I'm not here to argue whether cheating is endemic to the game of football (and if it is, then you wonder why it it can't be in other sports), but rather to point out some that what ESPN sports analysts say, a lot of times, makes absolutely no sense.  Apparently for Salisbury and Golic, "stealing signs" is not like "steroids, drug abuse, drunk driving, or dog fighting" because "it's about the game."  Wait a minute, wasn't Tom Donaghy fired for doing something that tampered with "the game?"  To uphold football and in my opinion, the Patriots as a dynasty, Salisbury and Golic don't necessarily make any real arguments besides making it a moral issue.   In avoiding the issue of "cheating" they both instead highlight questionable individual and not to mention PERSONAL choices to argue that what the Patriot did wasn't "as bad."  Instead of evaluating the cheating on its own terms and its effects on the outcome of the game, instead, they judge what the Patriots did on a different scale altogether, that is morality.  Whereas baseball and basketball are supposedly places to uphold the values of "fair play," then football, in their opinion, is "just a game" in comparison to extra-sporting issues considered bigger problems for the sport than parity.  

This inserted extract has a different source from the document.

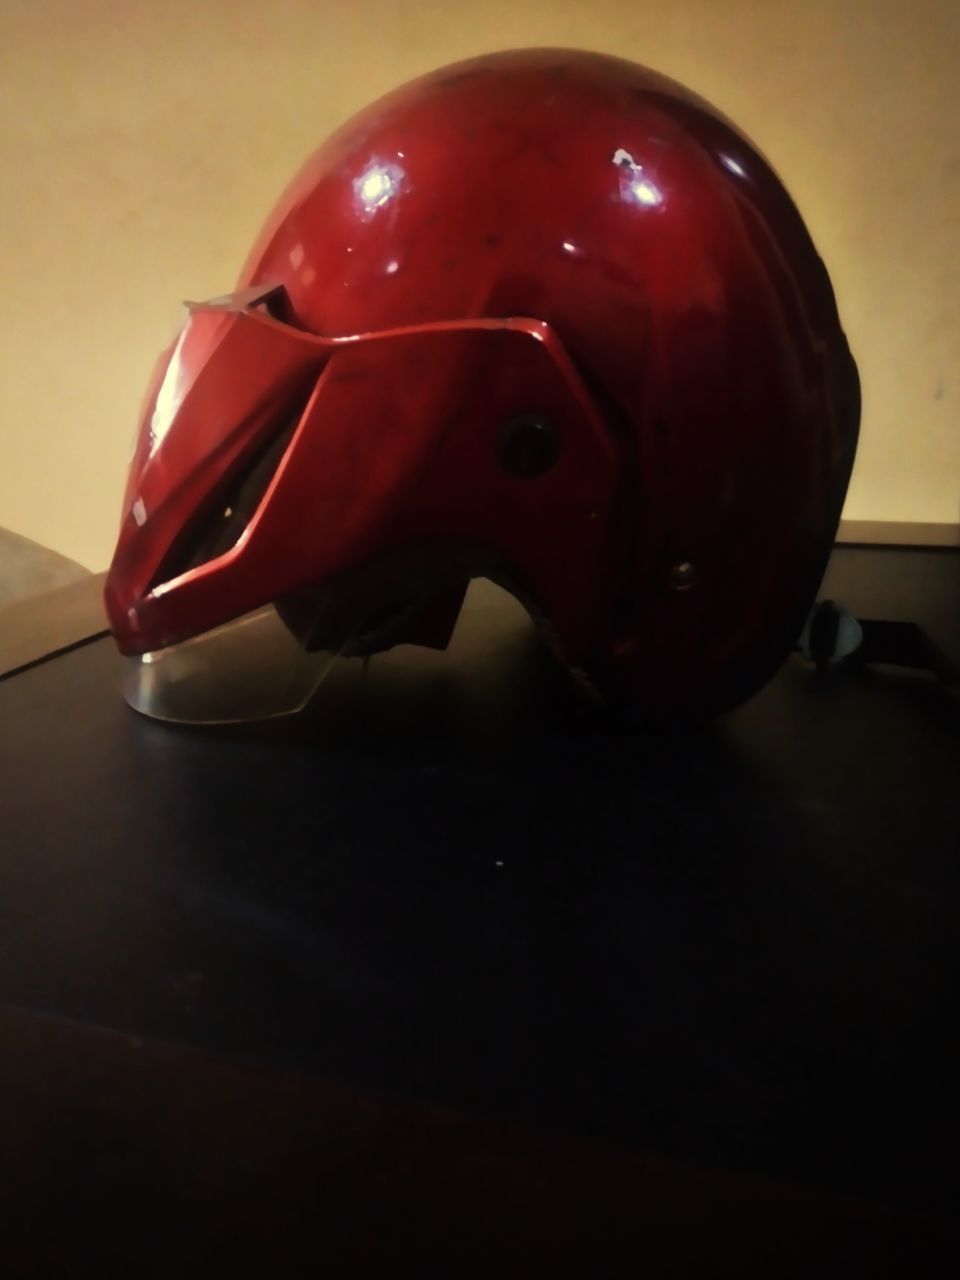 red, helmet, personal protective equipment, indoors, football equipment, headgear, clothing, sports equipment, football helmet, no people, football gear, headwear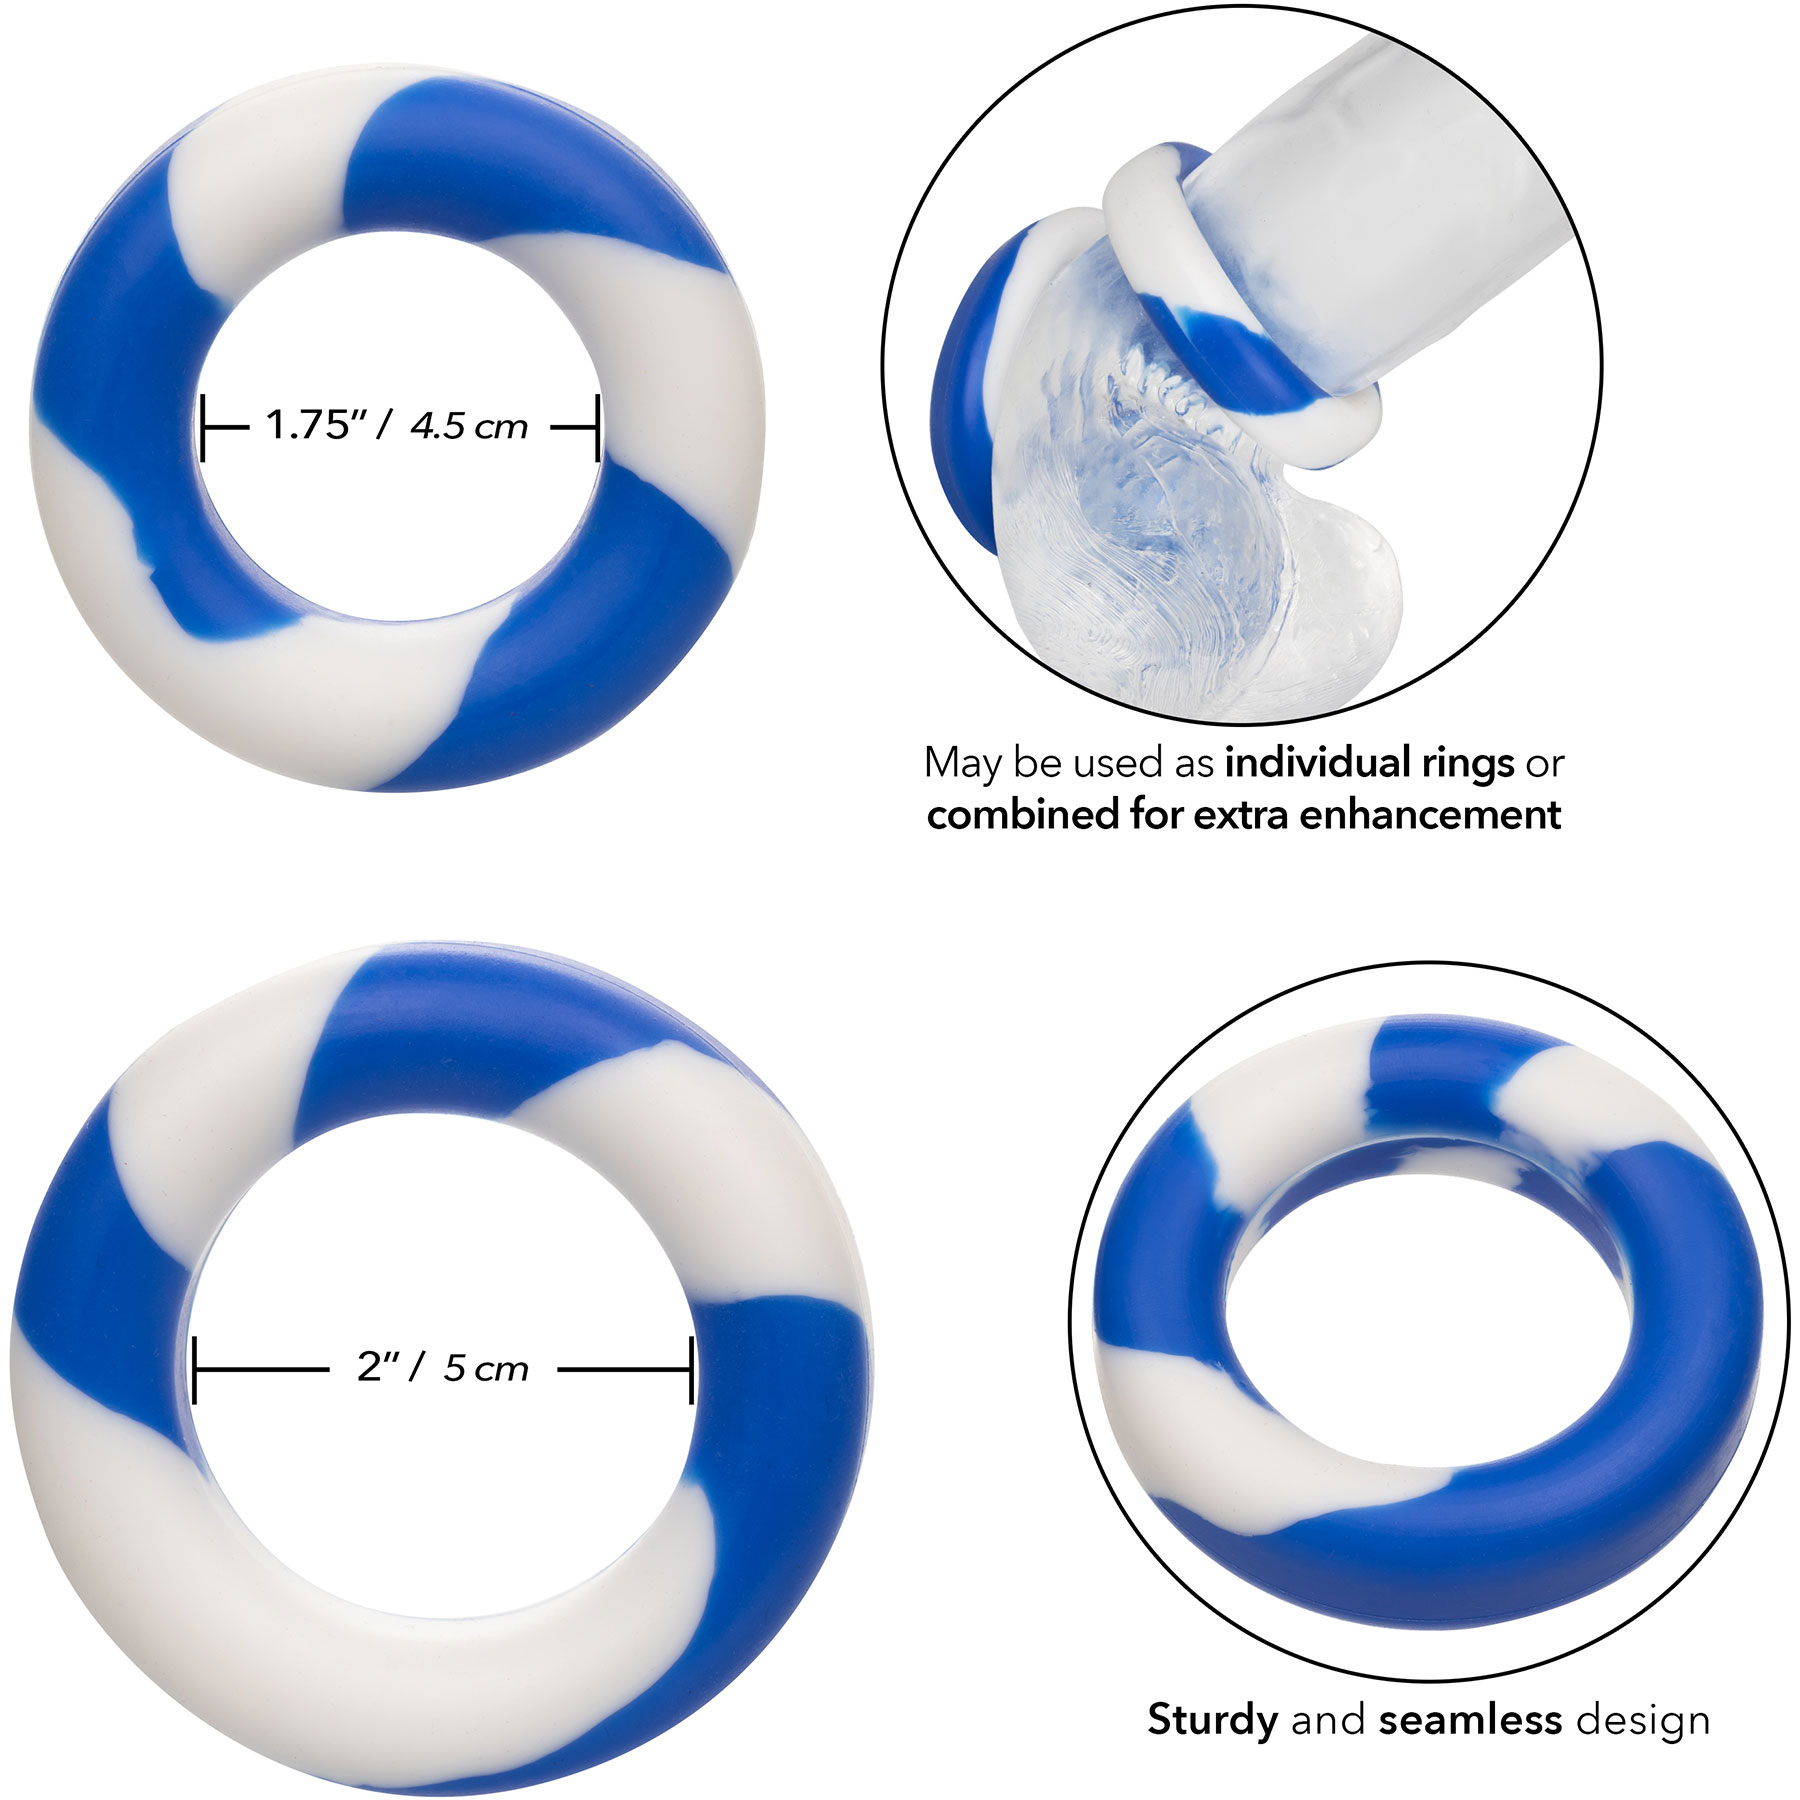 Admiral Silicone 2-Piece Stretchy Cock Ring Set - Measurements

I'm not condoning the behavior of players like Pac-man or others who have allegedly taken steroids.  Nor do I think that football is some sort autonomous place untouched by real life.  Instead, I'm pretty disgusted, though not surprised, by the blatant biases of these sports analysts who think that too much attention is being paid to things that are "in the game" while simultaneously saying that what happened doesn't matter at all because it is "in the game."  Isn't that a contradiction?  Further, in their opinion, "they should just be fined and we should move on."  Why didn't they same the same thing for Michael Vick, in the sense that why did they give so much air time to something that has nothing to do with the game?  I'm not questioning Salisbury and Golic's ability to analyze the game of football.  In fact, I'm usually convinced by their analysis (except when they say Alex Smith is a rising star).  Also, they seemed cool with the fact about the punishment, too, so its not as if they believe that the Patriots were necessarily innocent.  But as a wanna-be cultural critic, I am challenging the contradictory gestures they make in their attempt at validating "cheating."  I guess it just reflects the underlying tension of how to judge sports and the extra-sports affairs.  What is the significance of a player's private life (is there?) and to what extent does it actually have an affect on the game?  The problem here is that Salisbury and Golic seem to excuse cheating on the basis that its not drunk driving or dog fighting, which to me is a cop out.  I guess what I'm also trying to say is that it doesn't make sense if they're going to judge cheating based on "morals" and to say that "cheating" is okay because its "its contained within the game" and not affecting real life. But isn't "cheating" always, already a "moral" issue to begin with whether it's a sports related or not?